Please return every line of the material verbatim and skip any images.

## Data segment

___

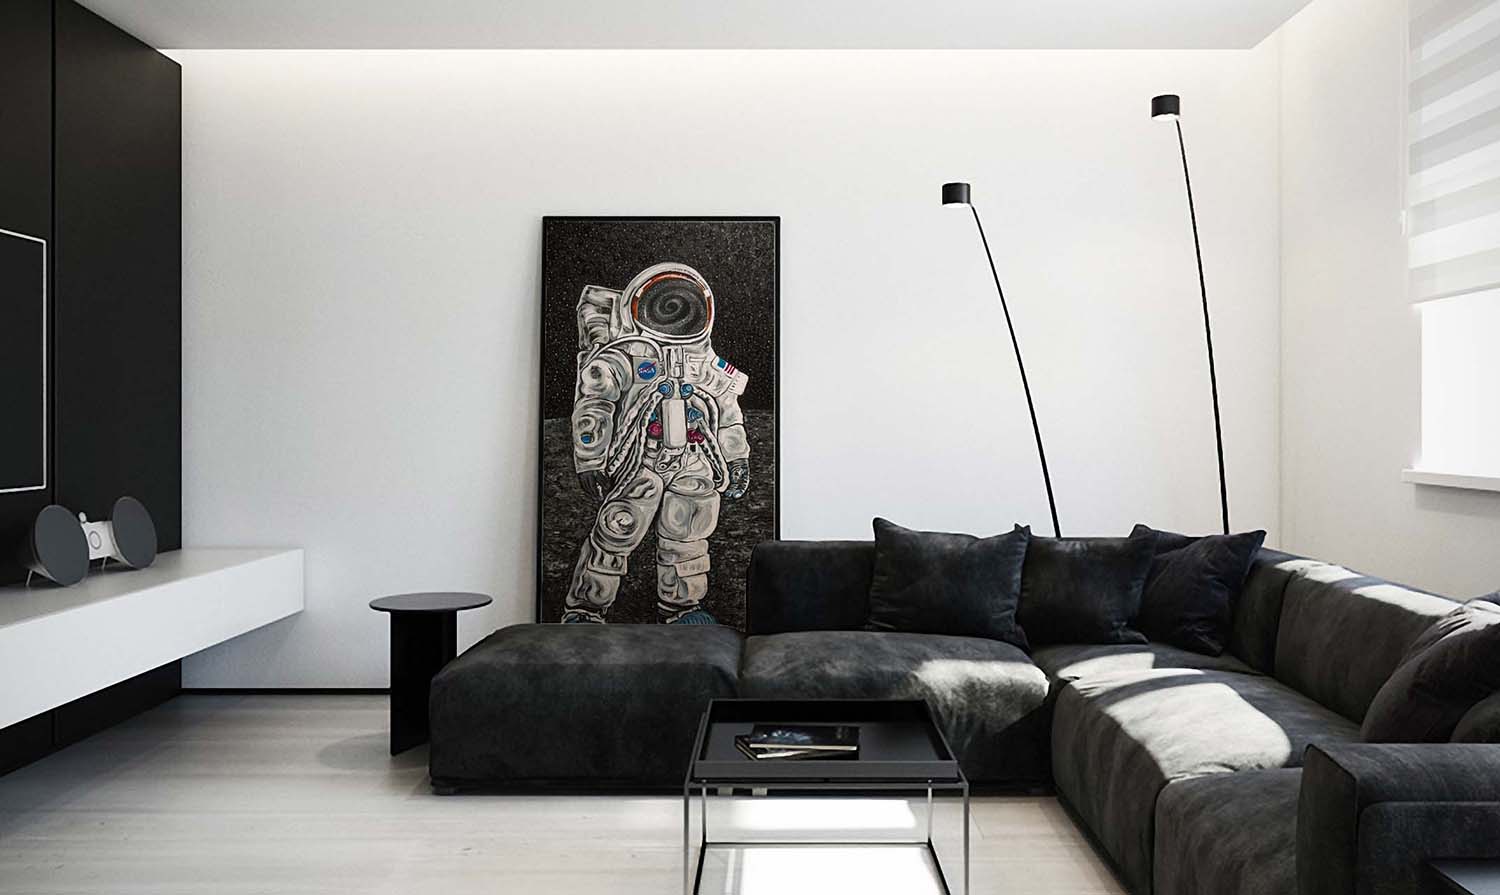 Astronaut standing on the moon observing a black hole framed print behind black leather couch
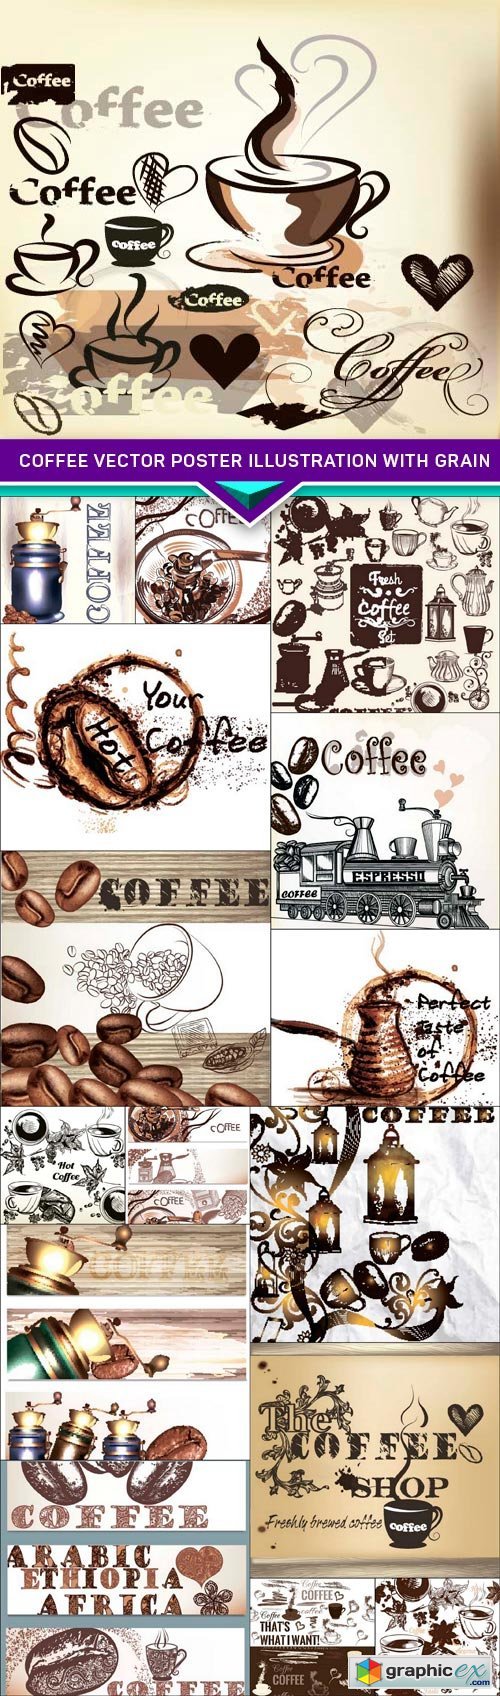 Coffee vector poster illustration with grain 16x EPS
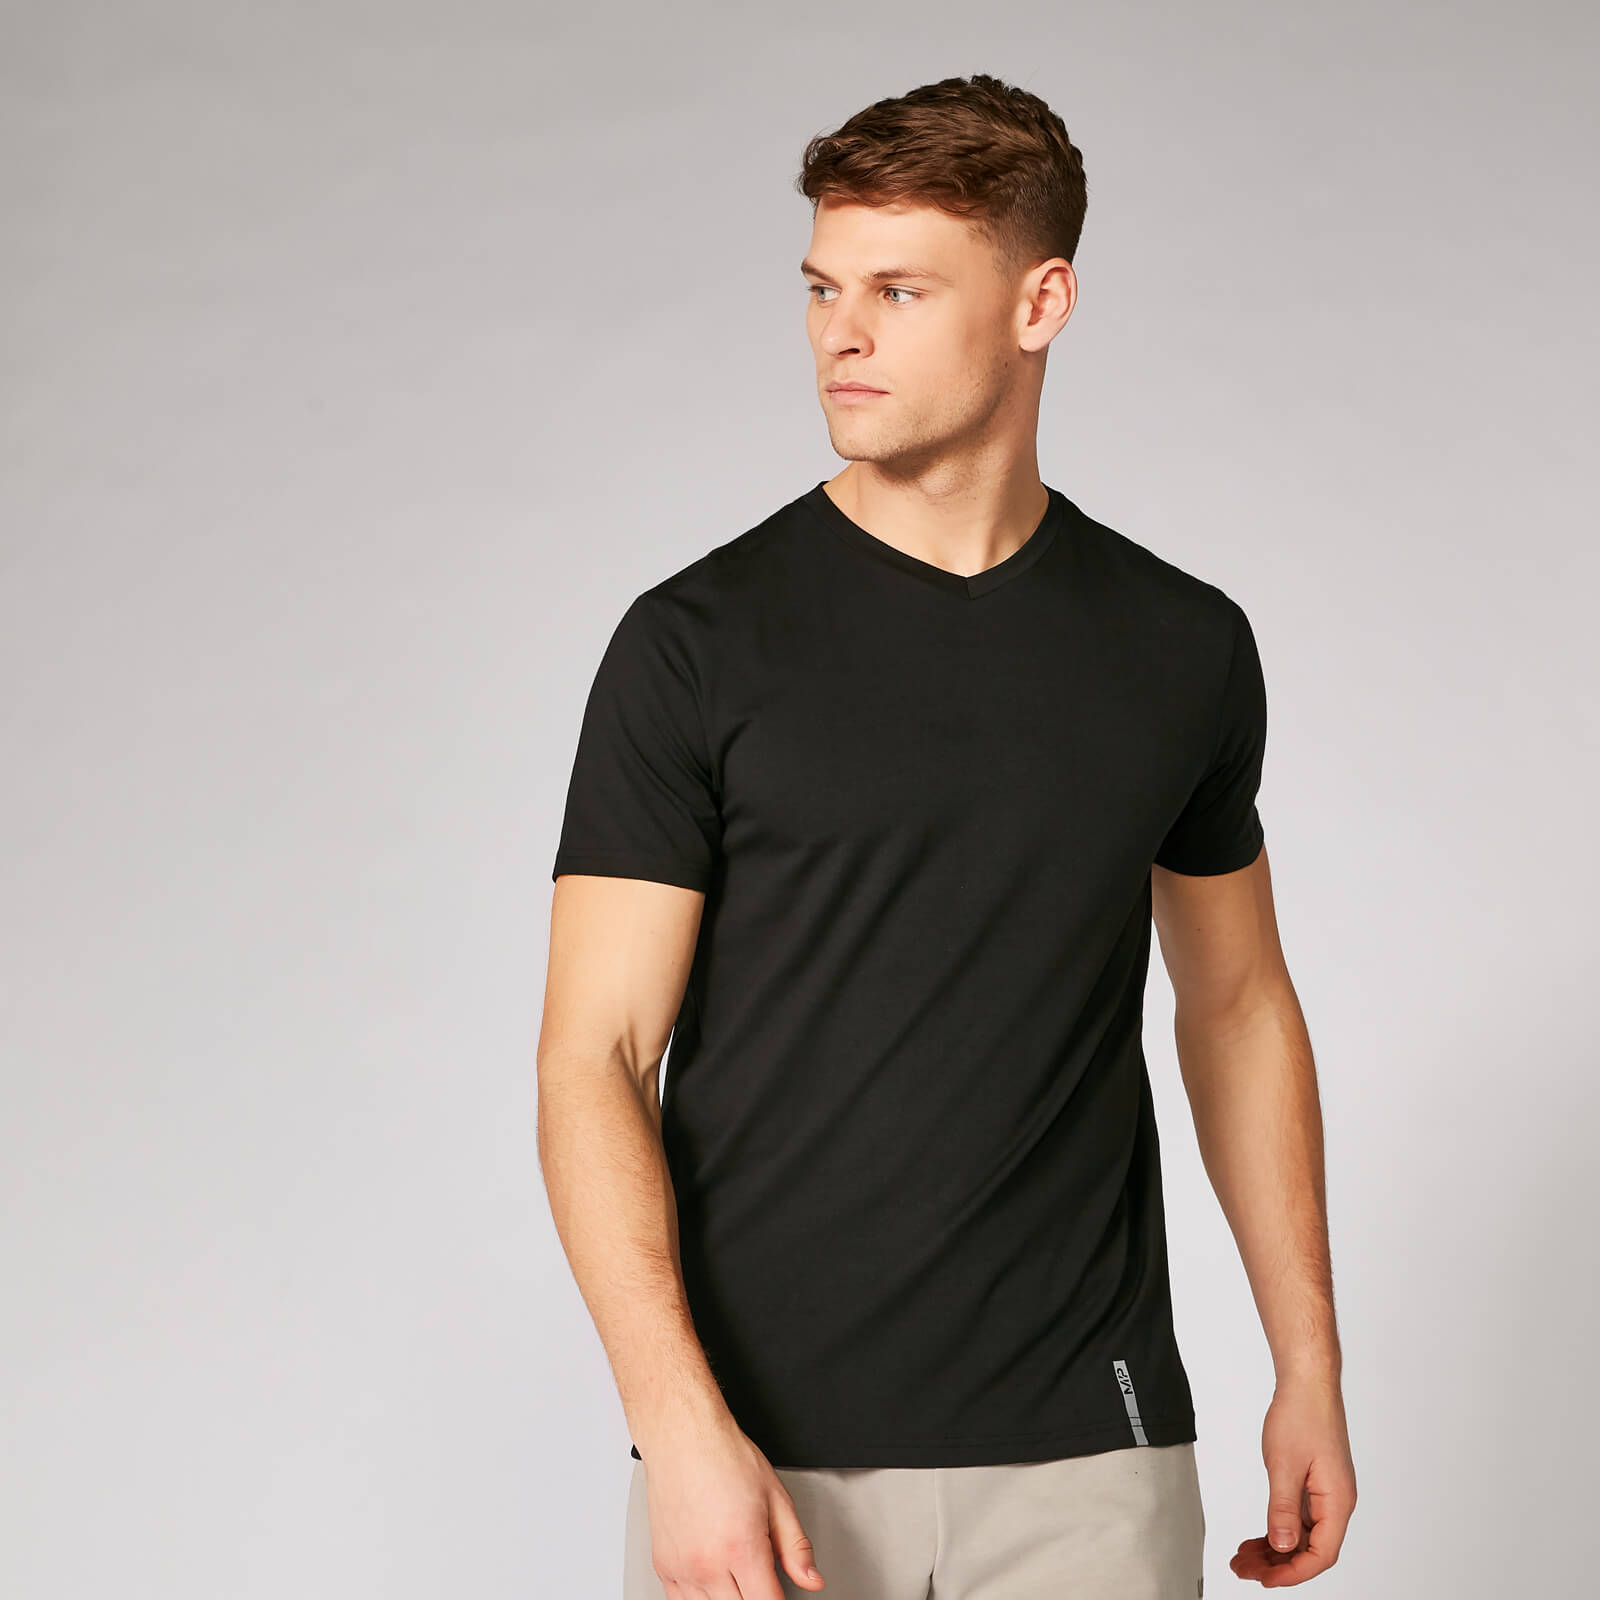 Luxe Classic V-Neck T-Shirt - Black - S
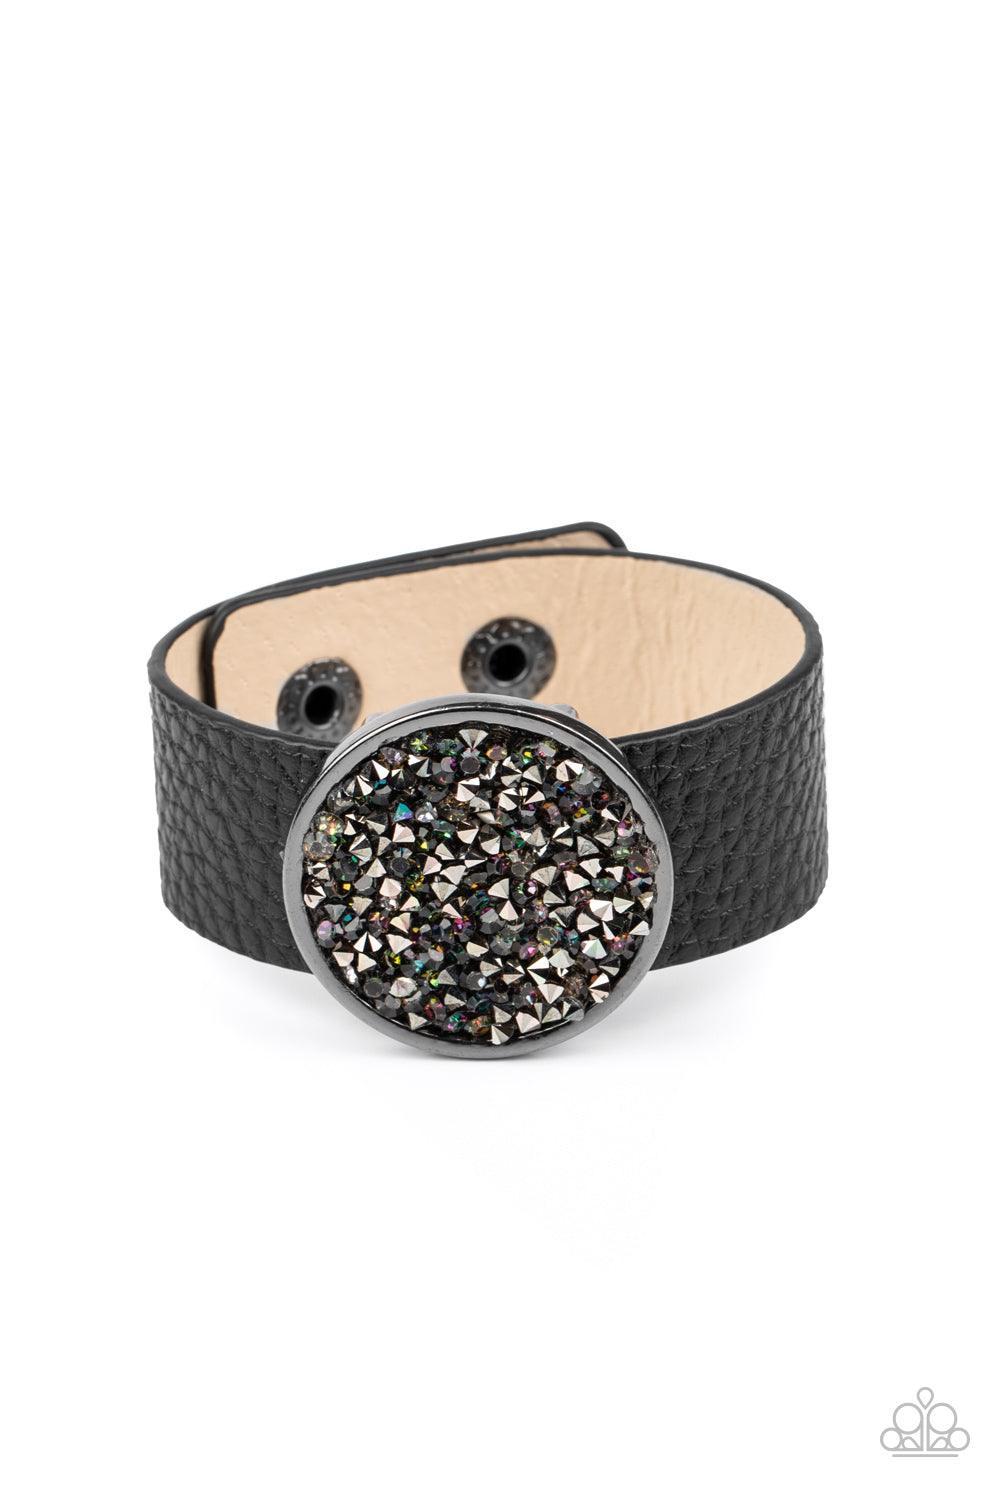 Paparazzi Accessories Stellar Escape - Multi A smoldering display of hematite and oil spill rhinestones scatter across the front of a gunmetal disc that glides along a black leather band for a stellar look. Features an adjustable snap closure. Sold as one

___

## Solution to this exercise
 Astronaut standing on the moon observing a black hole framed print behind black leather couch
 Coffee vector poster illustration with grain 16x EPS
 Luxe Classic V-Neck T-Shirt - Black - S
 Paparazzi Accessories Stellar Escape - Multi A smoldering display of hematite and oil spill rhinestones scatter across the front of a gunmetal disc that glides along a black leather band for a stellar look. Features an adjustable snap closure. Sold as one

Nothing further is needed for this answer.